Fresco G F, DiGiorgio F, Curti G L
Department of Internal Medicine, University of Genoa Medical School, Italy.
J Nucl Med. 1995 Sep;36(9):1701-6.
Comparing the measurements of both glomerular filtration (GFR) and tubular excretion rates [TER(MAG3)] by multi-sample and single-sample methods has been performed after a single bolus injection of 3.7 MBq 51Cr-EDTA plus 37 MBq 99mTc-MAG3.
We studied 17 healthy volunteers and 28 patients with a wide range of renal function. For each plasma clearence curve, nine plasma samples were drawn at intervals from 10 to 240 min after injection of tracers. When comparing individual values for GFR and TER (MAG3) from the tracer dilution spaces (VD) with those derived from the analysis of the entire plasma disappearance curves of two radiopharmaceuticals, a good linear correlation appears (r = 0.96).
We found that the nadir-error (Sy,x) for predicted GFR occurs at 180 min (11.0 ml/min/1.73 m2), while the nadir-error for predicted TER (MAG3) is reached at 90 min (26.4 ml/min/1.73 m2).
In the computation of GFR and TER (MAG3) with a single-sample method, it appears that the mean residence time (t) for each tracer represents the optimum plasma sampling time.

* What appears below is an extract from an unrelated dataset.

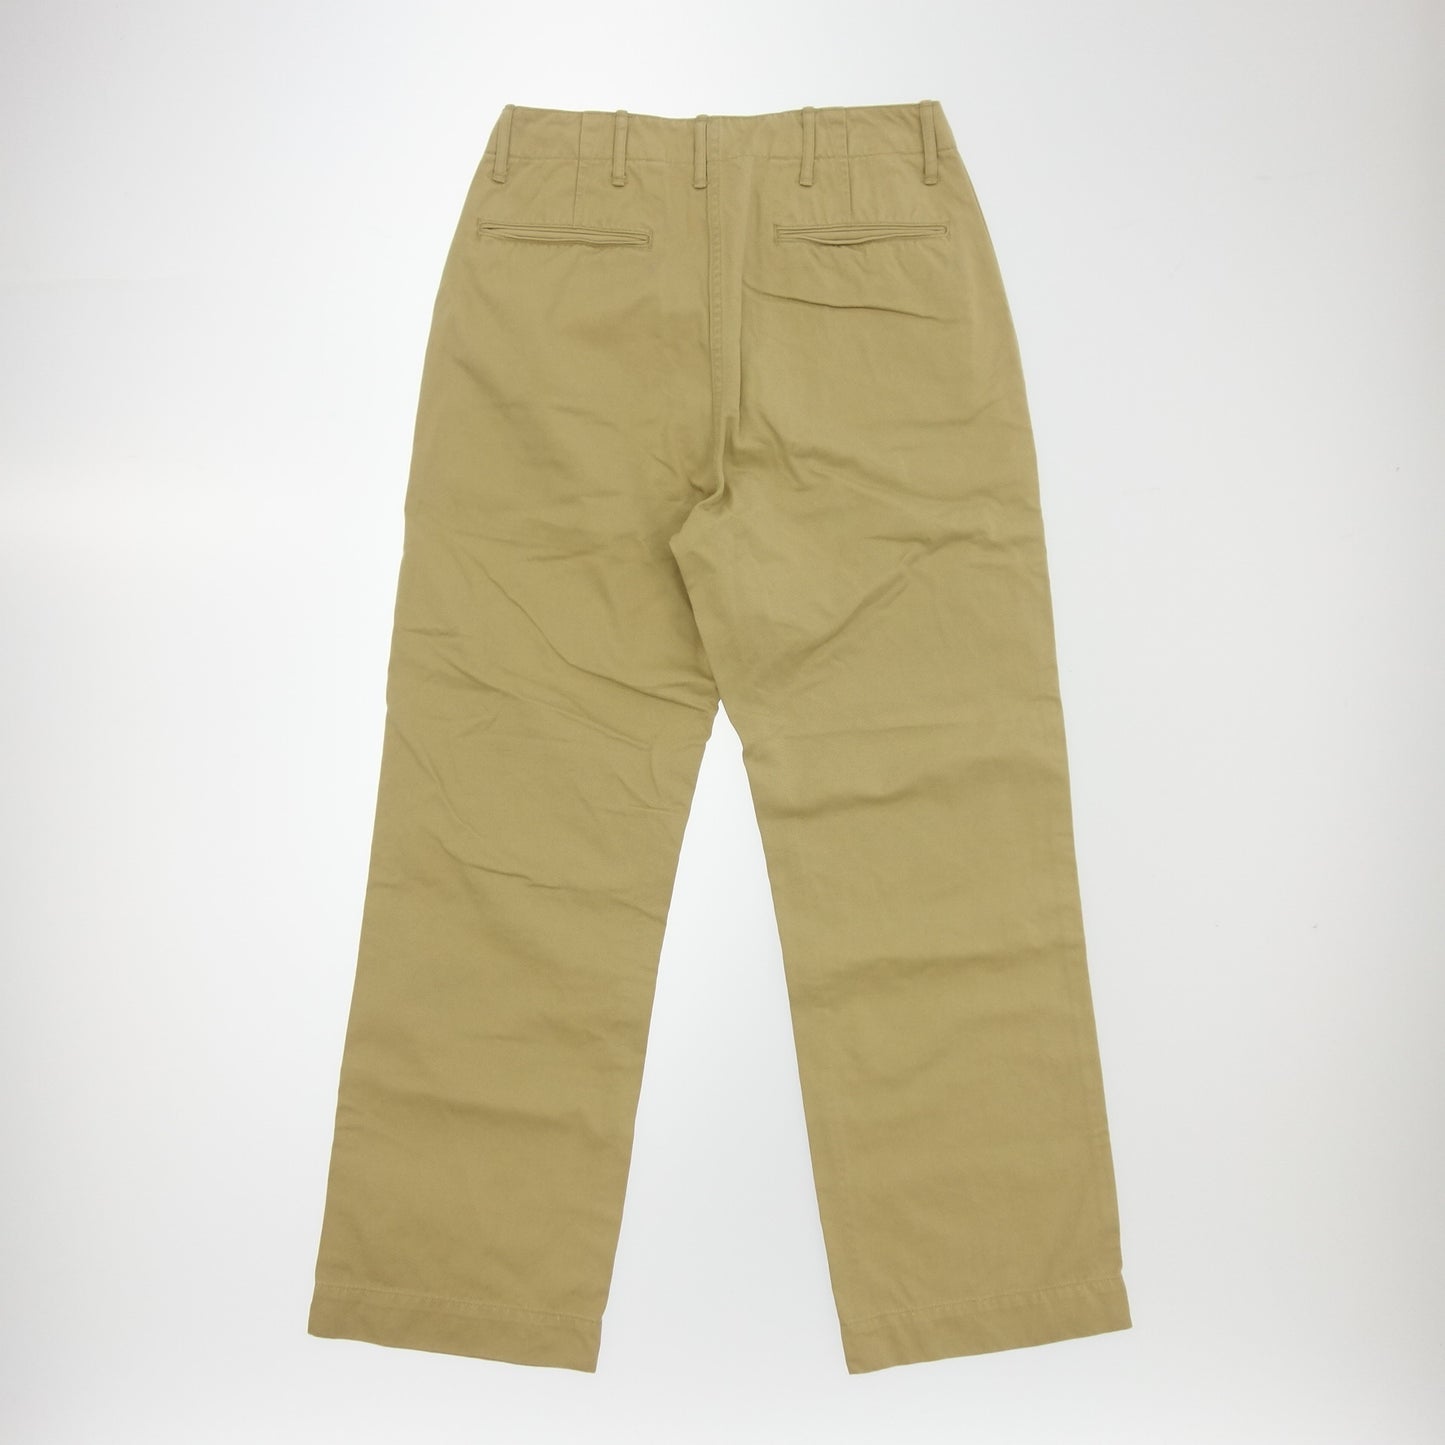 WAREHOUSE DUCK DIGGER Chino Trousers Men's M Beige WAREHOUSE [AFB34] [Used]

Our results suggest that the single injection of 51Cr-EDTA and 99mTc-MAG3 followed by blood sampling twice permits accurate simultaneous estimation of GFR and TER (MAG3) and, after correction of the latter kinetic parameter, effective renal plasma flow.
在单次静脉注射3.7 MBq 51Cr - 乙二胺四乙酸(EDTA)加37 MBq 99mTc - 巯基乙酰三甘氨酸(MAG3)后,已采用多样本和单样本方法比较肾小球滤过率(GFR)和肾小管排泄率[TER(MAG3)]的测量值。
我们研究了17名健康志愿者和28名肾功能范围广泛的患者。对于每条血浆清除曲线,在注射示踪剂后10至240分钟间隔抽取9份血浆样本。当比较来自示踪剂稀释空间(VD)的GFR和TER(MAG3)的个体值与通过分析两种放射性药物的整个血浆消失曲线得出的值时,出现良好的线性相关性(r = 0.96)。
我们发现预测GFR的最低点误差(Sy,x)出现在180分钟(11.0毫升/分钟/1.73平方米),而预测TER(MAG3)的最低点误差在90分钟时达到(26.4毫升/分钟/1.73平方米)。
在采用单样本方法计算GFR和TER(MAG3)时,似乎每种示踪剂的平均停留时间(t)代表最佳血浆采样时间。我们的结果表明,单次注射51Cr - EDTA和99mTc - MAG3后进行两次血液采样可准确同时估算GFR和TER(MAG3),并且在对后一动力学参数进行校正后可估算有效肾血浆流量。